UHOD-ULUSLARARASI HEMATOLOJI-ONKOLOJI DERGISI, vol.29, no.3, pp.168-175, 2019 (SCI-Expanded) identifier identifier

  • Publication Type: Article / Article
  • Volume: 29 Issue: 3
  • Publication Date: 2019
  • Doi Number: 10.4999/uhod.193783
  • Journal Name: UHOD-ULUSLARARASI HEMATOLOJI-ONKOLOJI DERGISI
  • Journal Indexes: Science Citation Index Expanded (SCI-EXPANDED), Scopus, TR DİZİN (ULAKBİM)
  • Page Numbers: pp.168-175
  • Hacettepe University Affiliated: Yes

Abstract

This study aims to analyze the clinicopathologic characteristics and treatment outcomes of our patients with gestational trophoblastic neoplasia (GTN) and to present our real-life experience. A total of 32 patients with GTN diagnosed according to the FIGO 2002 criteria followed in Zekai Tahir Burak Women's Health Training and Research Hospital between 2011-2018 were included.

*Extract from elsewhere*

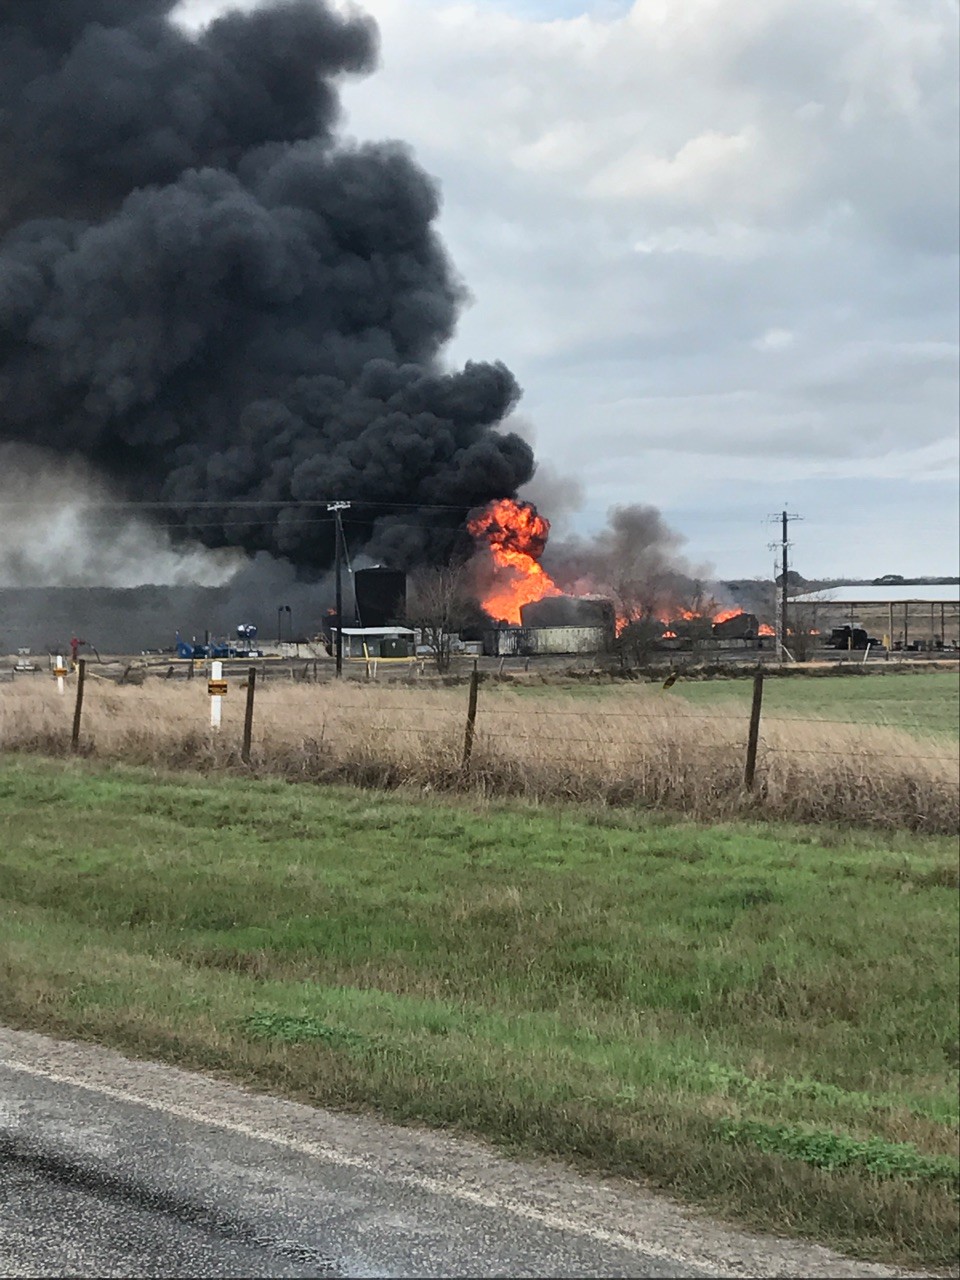 Fire blazes and smoke billows after a lightning strike caused an explosion at an oil storage facility at FM 1116 and CR 206 in southern Gonzales County at 7:30 a.m., on Sunday, Feb. 25. No one was injured in the explosion.

Demographic features, treatment outcomes, and survival were analyzed retrospectively. The median follow up time was 32.1 (3.3-76.9) months. Of the 32 patients, 27 (84.4%) were defined as low-risk GTN (risk score < 7) and 5 (15.6%) were high-risk GTN (risk score >= 7) according to the FIGO risk score. Seventeen (62.9%) patients with low-risk GTN achieved complete remission (CR) with single agent MTX. CR rate was 60% (12/20) in patients receiving weekly MTX and 71.4% (5/7) in MTX-FA eight-day regimen (p= 0.590). Of the 9 MTX resistant patients, 8 (88.8%) achieved CR with second-line Actinomycin D (ActD). Three (60%) out of the five high-risk GTN patients acquired CR with first-line EMA-CO (etoposide, MTX, plus ActD alternating with cyclophosphamide and vincristine). In the follow-up period one patient (3.1%) had recurrent disease. By the data cut off date, all of the patients were alive and CR could not be achieved in one (3.1%) patient. All patients with low-risk GM achieved CR with sequential therapies ultimately. Therefore, single agent MTX is a reasonable option in the initial treatment of low-risk GTN. Moreover, Actinomycin D is highly effective in patients with low-risk GTN who are resistant to MTX.